Excerpts from a dataset:
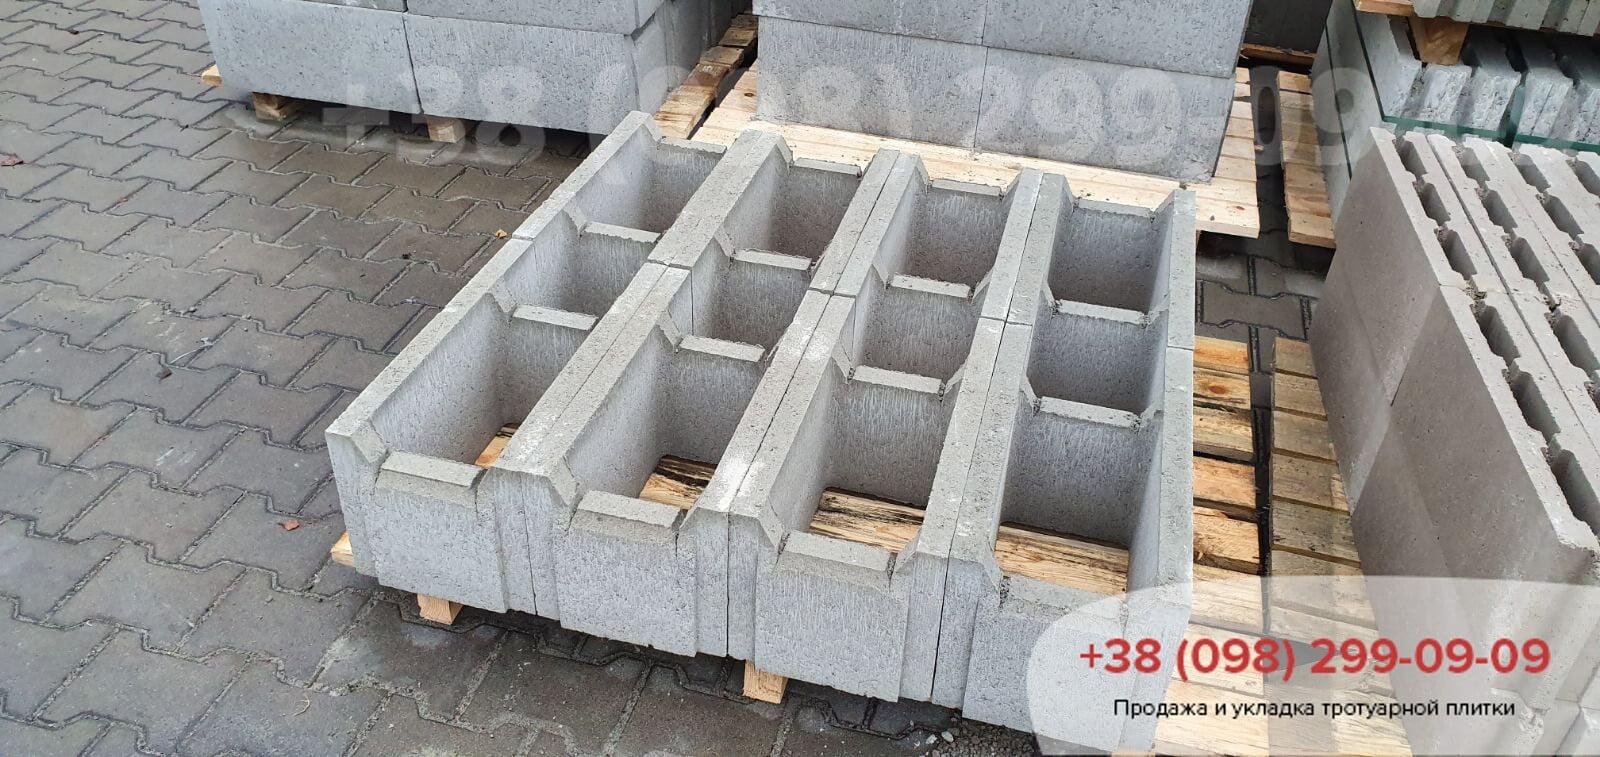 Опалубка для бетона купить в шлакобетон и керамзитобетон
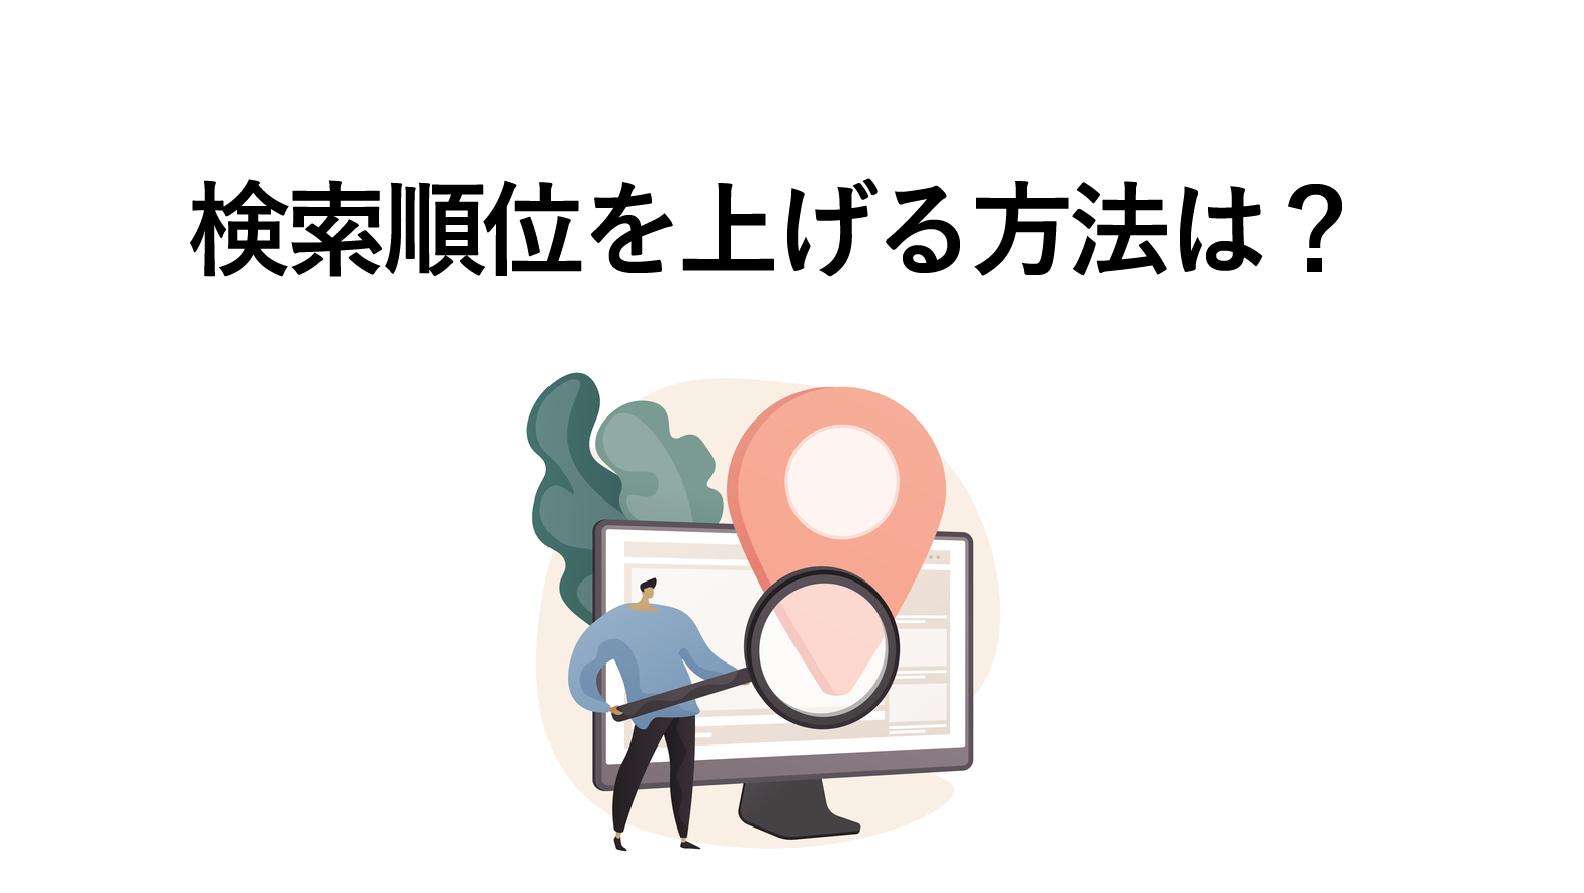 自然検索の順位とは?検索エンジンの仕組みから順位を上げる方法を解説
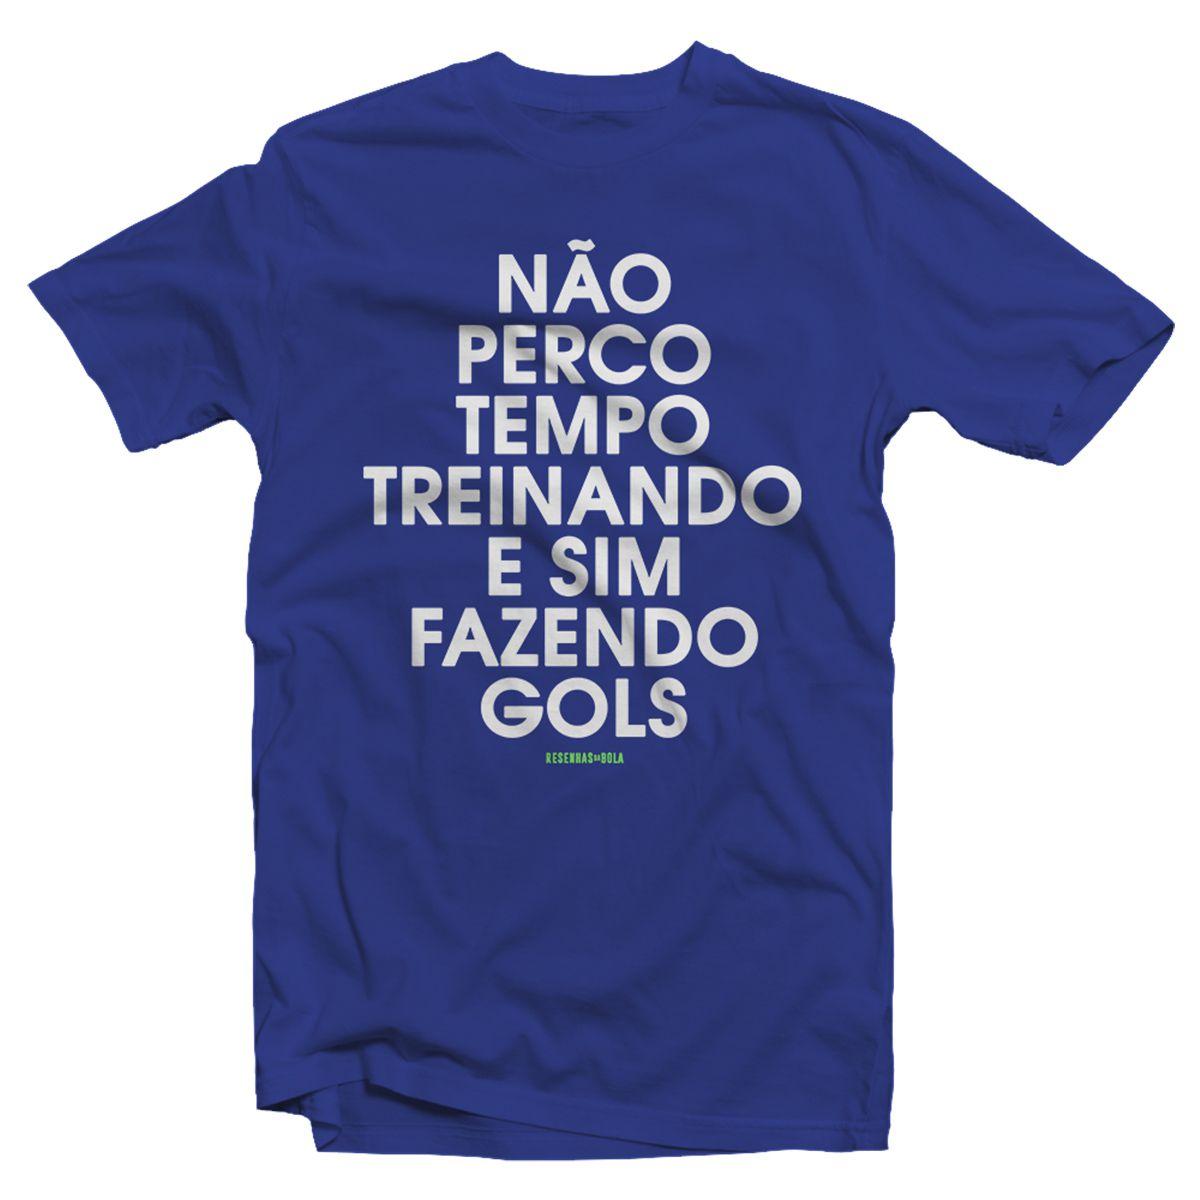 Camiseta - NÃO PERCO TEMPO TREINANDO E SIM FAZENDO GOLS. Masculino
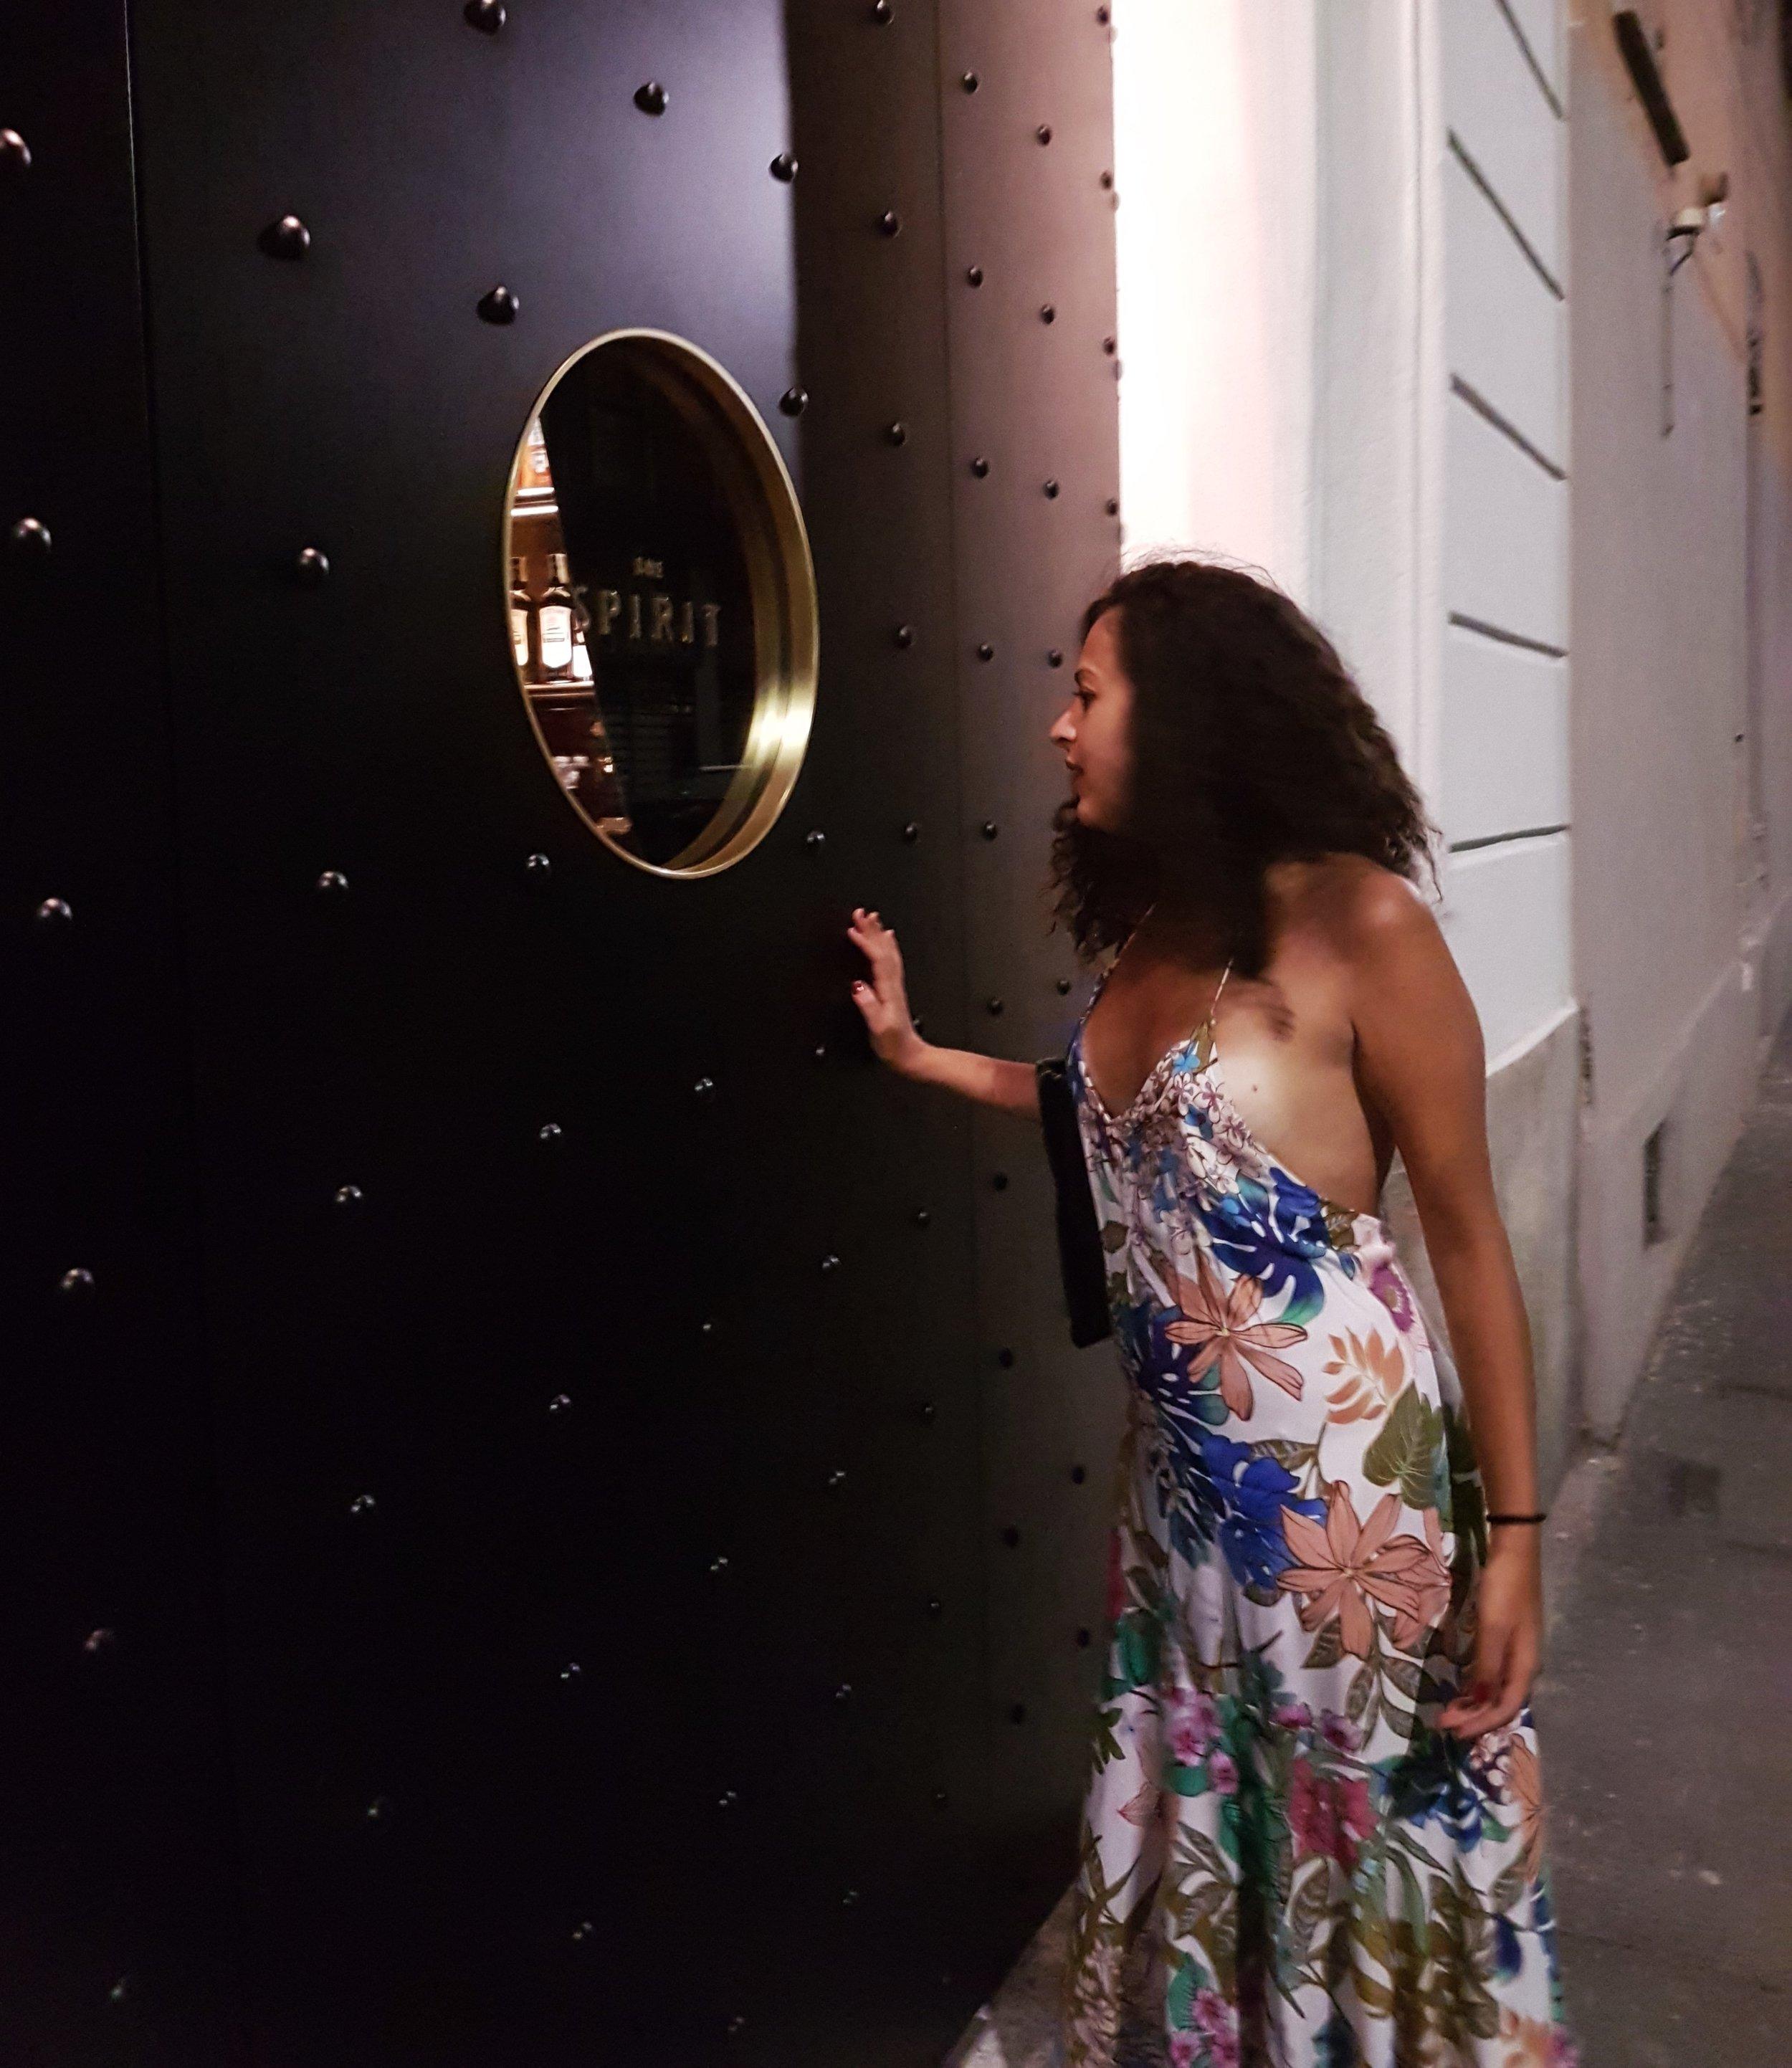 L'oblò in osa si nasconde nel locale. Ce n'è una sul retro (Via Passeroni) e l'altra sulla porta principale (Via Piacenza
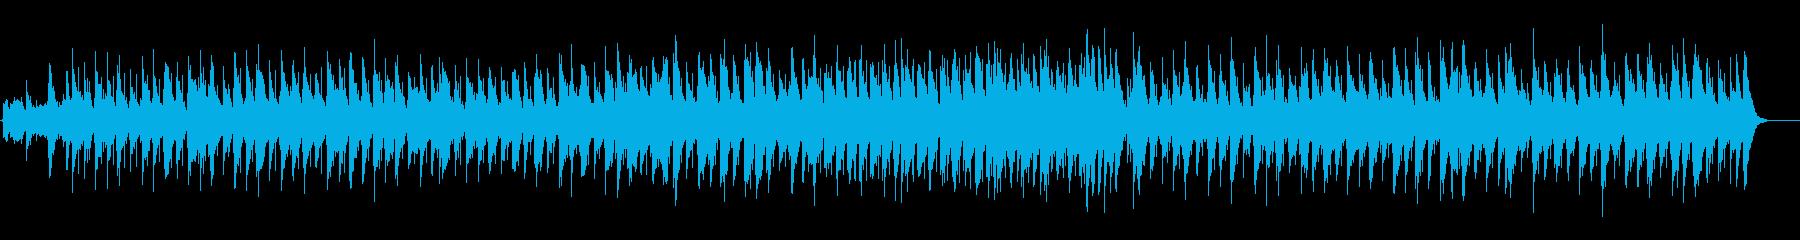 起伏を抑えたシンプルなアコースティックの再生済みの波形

■ Instructions to follow:
The records above should be written out in full and unchanged, except that pictures are dropped.

■ Answer below:
 Опалубка для бетона купить в шлакобетон и керамзитобетон
 自然検索の順位とは?検索エンジンの仕組みから順位を上げる方法を解説
 Camiseta - NÃO PERCO TEMPO TREINANDO E SIM FAZENDO GOLS. Masculino
 L'oblò in osa si nasconde nel locale. Ce n'è una sul retro (Via Passeroni) e l'altra sulla porta principale (Via Piacenza
 起伏を抑えたシンプルなアコースティックの再生済みの波形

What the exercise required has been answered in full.